St Ignatius' College is a Catholic voluntary aided secondary school for boys aged 11–18 in Enfield, London, England, founded by the Society of Jesus. It was formerly a grammar school, only accepting boys who had passed the Eleven plus exam.

History
The school was founded in Stamford Hill, South Tottenham, London, on 10 September 1894. The college and the Jesuit community were initially accommodated in two houses called Morecombe Lodge and Burleigh House, located near Tottenham High Road. The school originally had only 46 boys, four Jesuits, and a dog in 1894. In 1907 the college was recognised by the Board of Education and began to receive public money towards its support.

From the early 1950s the school complement averaged about 700 boys. Its longest serving Headmaster, Fr Guy Brinkworth SJ, retired in 1963. The school remained at Stamford Hill as a grammar school until 1968. The school then became a two-tier, seven-form entry comprehensive school, the lower school being located at the old Cardinal Allen School, which had been there for eight years prior to the school moving there, and the upper school located in Turkey Street, Enfield.

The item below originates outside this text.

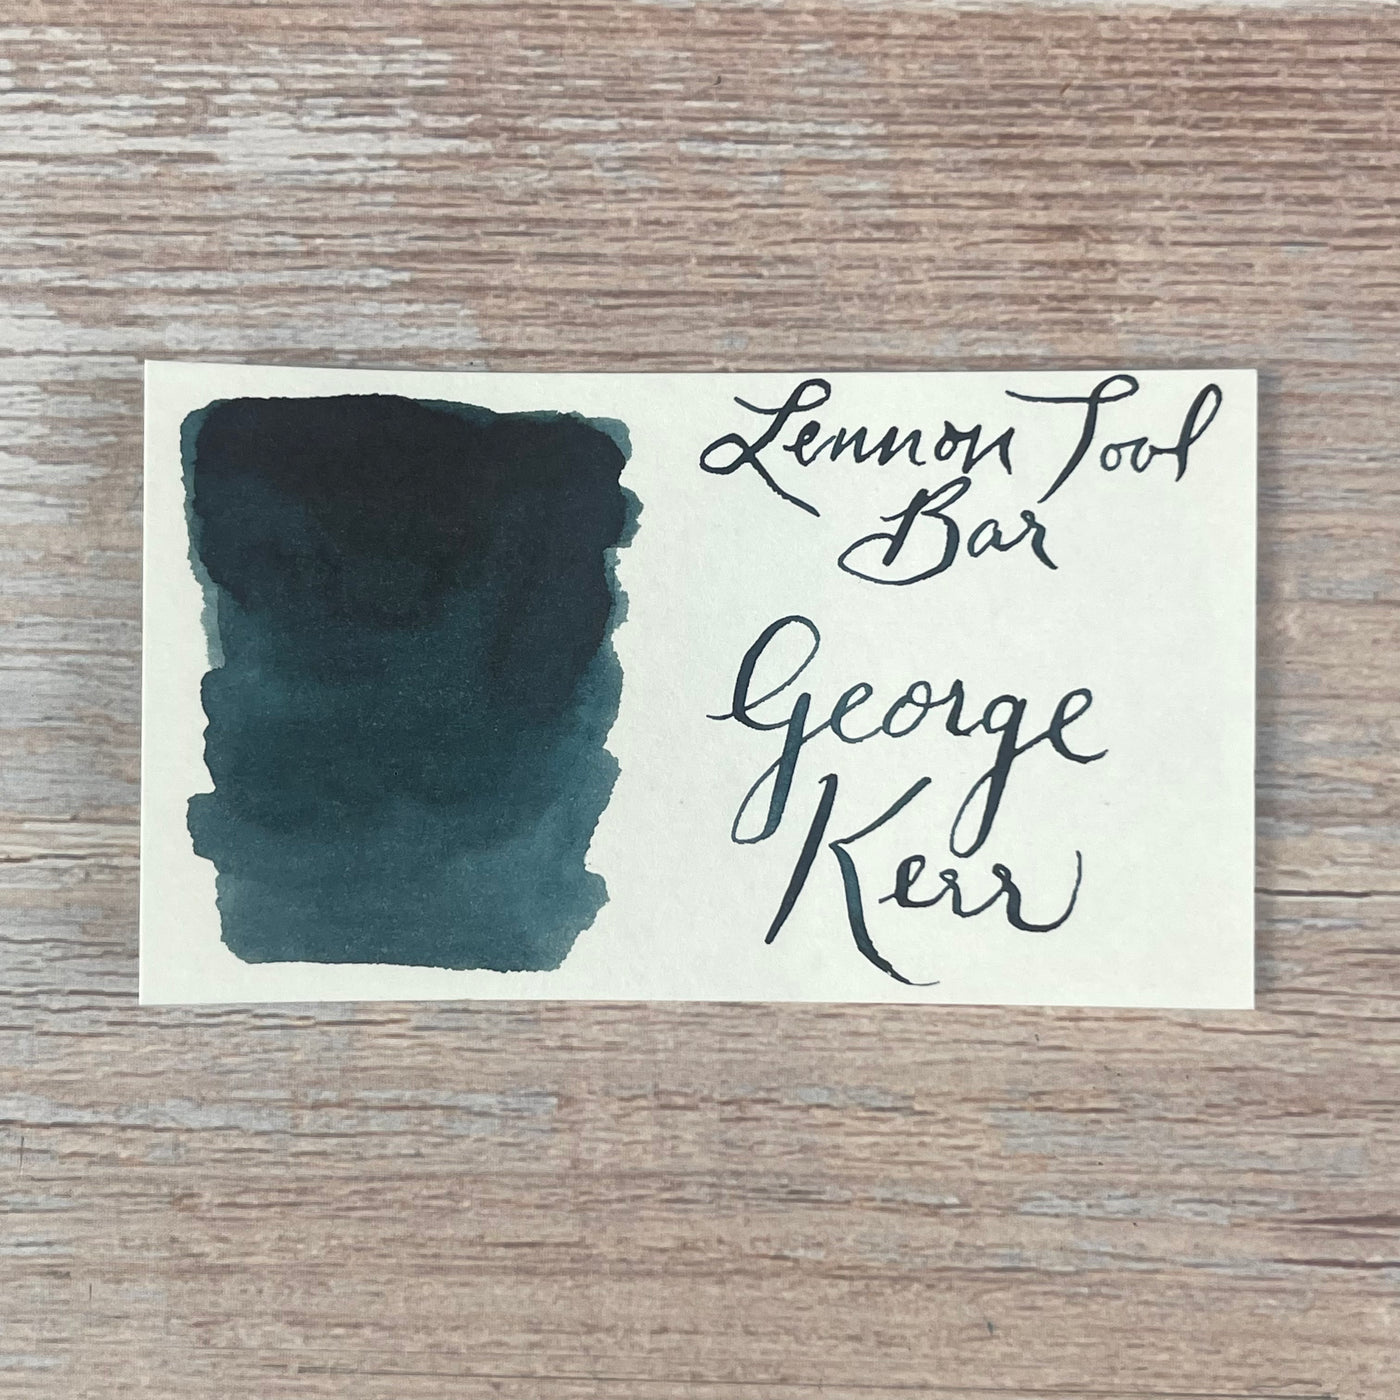 Lennon Tool Bar George Kerr - 30ml Bottled Ink

In 1987, the lower and upper schools amalgamated at Turkey Street, a development made possible by a major building programme. The school became grant maintained in 1993 but returned to Voluntary Aided status in September 1999. At the centenary celebrations in 1994, the newly refurbished chapel was unveiled, and every pupil received a book detailing the history of the school and its past teachers. In 1998 the school started to build the Octagon which houses a computer suite and a library. The building work was completed in 2000 and was handed over to the school later that year. Also in 2000, the newly refurbished Roselands Centre for the Sixth Form was opened. In 2006 the school raised £50,000 through various events held at the school and donations from past pupils. School enrollment has risen to 1,300 pupils.

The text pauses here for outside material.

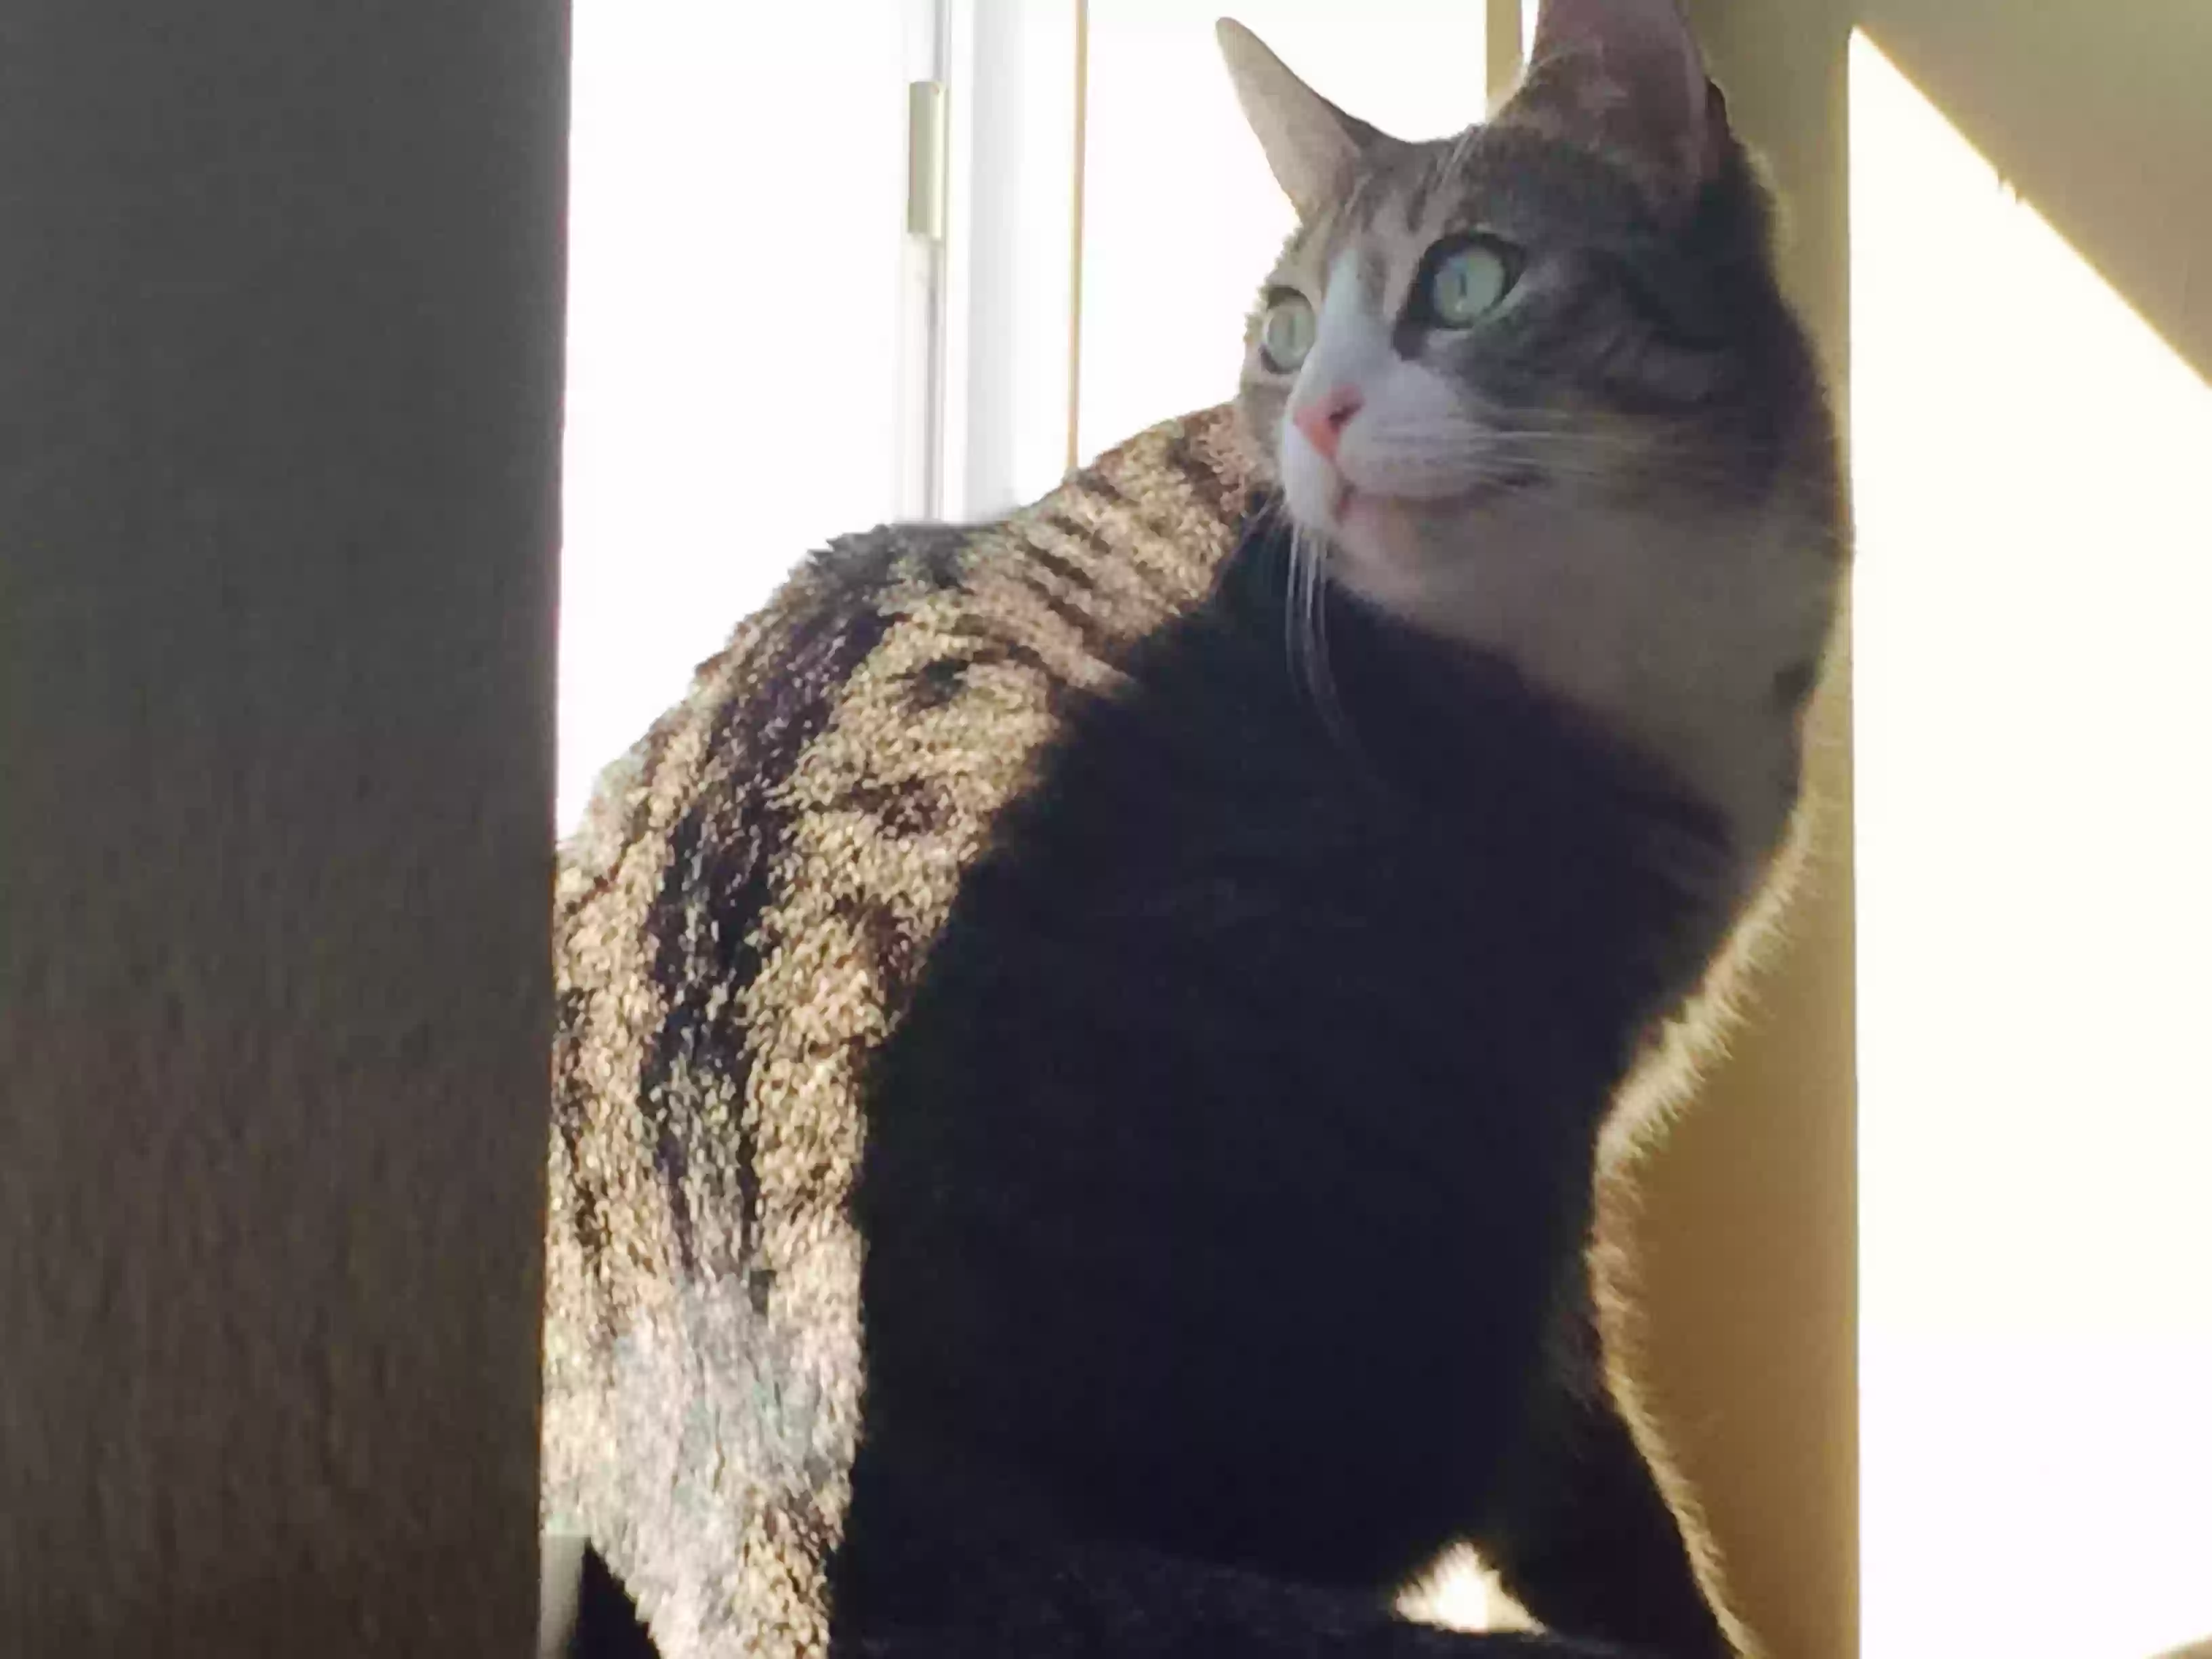 adoptable Cat in Saint Cloud,FL named June

Michael Blundell became the college's first lay Headmaster when he succeeded Fr Antony Forrester SJ, in 1986. Mr Blundell was in turn succeeded as Headmaster by Paul Adams, who retired in the summer of 2007, and was replaced by John-Paul Morrison, who left the post of headmaster in December 2013. Andrew Dickson took over the post on an interim basis until a replacement for John-Paul Morrison could be found. Kelly took over from Dickson in 2014 and retired from his role in 2016 and was succeeded by Mrs O'Keeffe, the first female headteacher of a Jesuit secondary school in the United Kingdom.

Loyola Preparatory School
In 1900, the college began a preparatory department. However, in 1944 this preparatory department became Loyola Preparatory School, a Roman Catholic private boys preparatory school run by the Jesuits. In 1950, Loyola Preparatory School moved to a site in Buckhurst Hill in Essex that was formerly occupied by Braeside School. In 1962, Campion School, a Jesuit secondary school, was opened in Hornchurch, making Loyola Preparatory School a feeder school for both the college and Campion School.

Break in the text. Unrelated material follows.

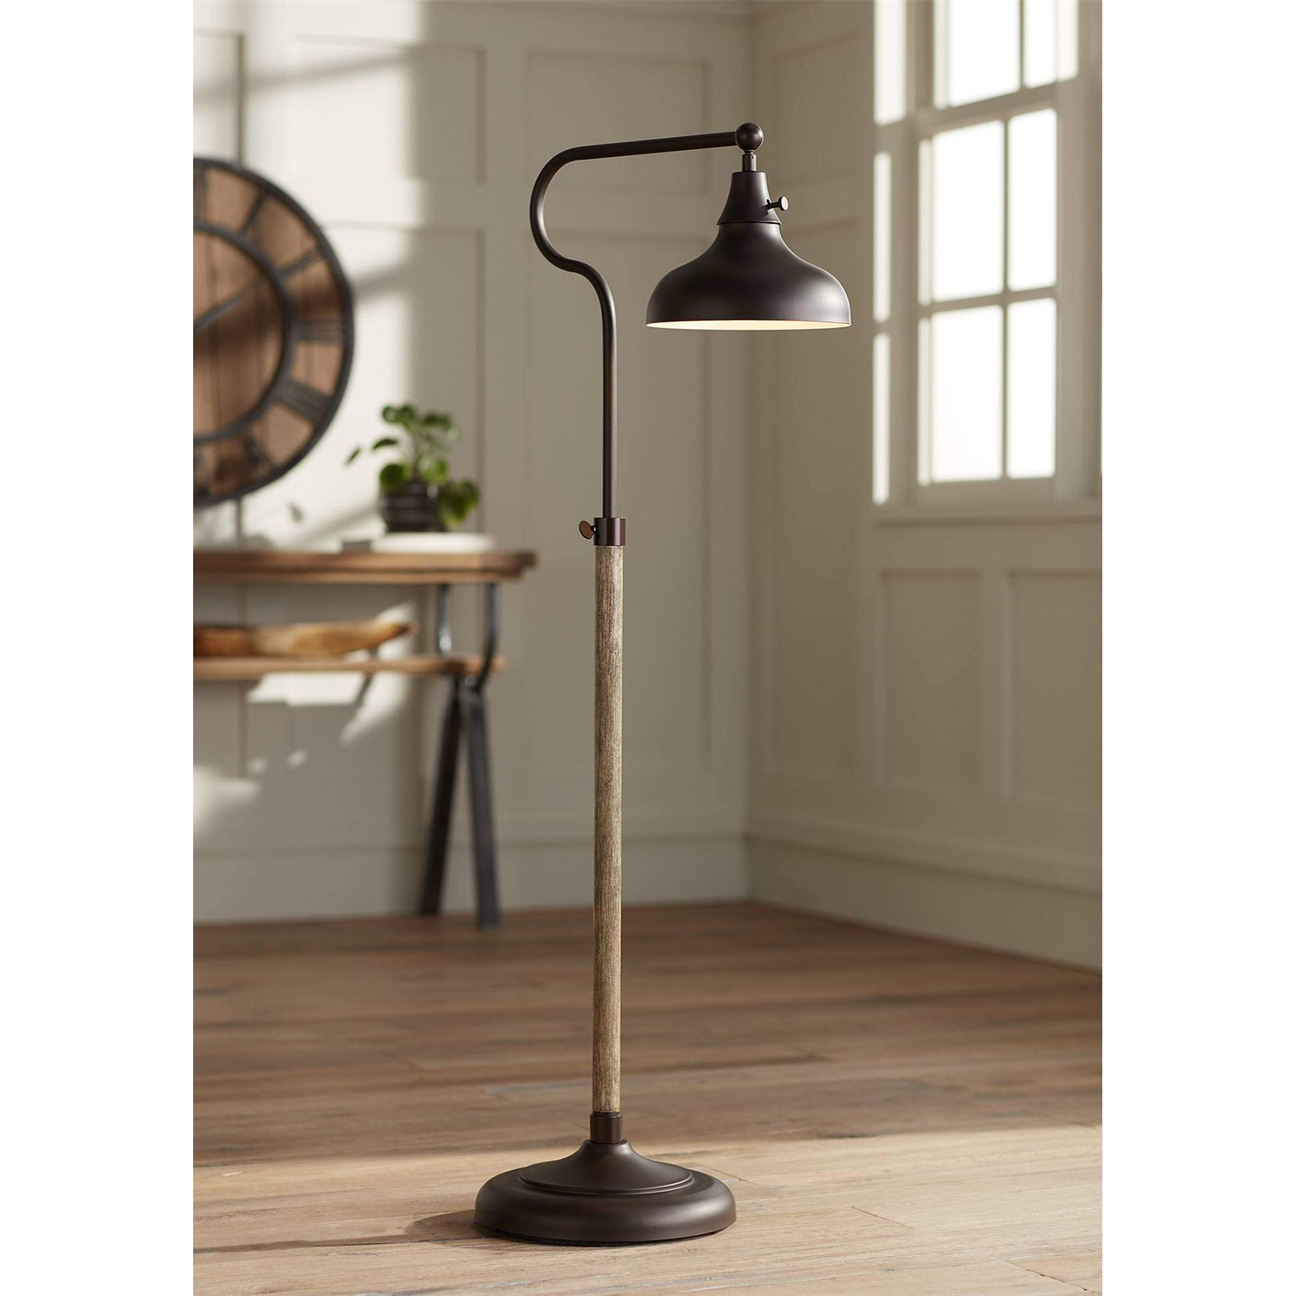 American Floor Lamp Living Room Lamp Retro Adjustable Bronze Wood Grain Floor Lamp

In 2001, trusteeship of Loyola Preparatory School was given to the Diocese of Brentwood and as of 2017, Loyola Preparatory School teaches boys from the ages of 3 to 11 and has 190 pupils.

In 2017, Loyola Preparatory School became the best Under-11 school football team in England by winning the national final of the Danone Nations Cup at the Bet365 Stadium.

School buildings

Main building
The present building was first occupied in January 1968, staff and boys moving from the Stamford Hill site. The main building of the school has since seen improvements made to it such as new extensions. Years 7 to 11 occupy this building. There are three floors, each one holding at least three departments.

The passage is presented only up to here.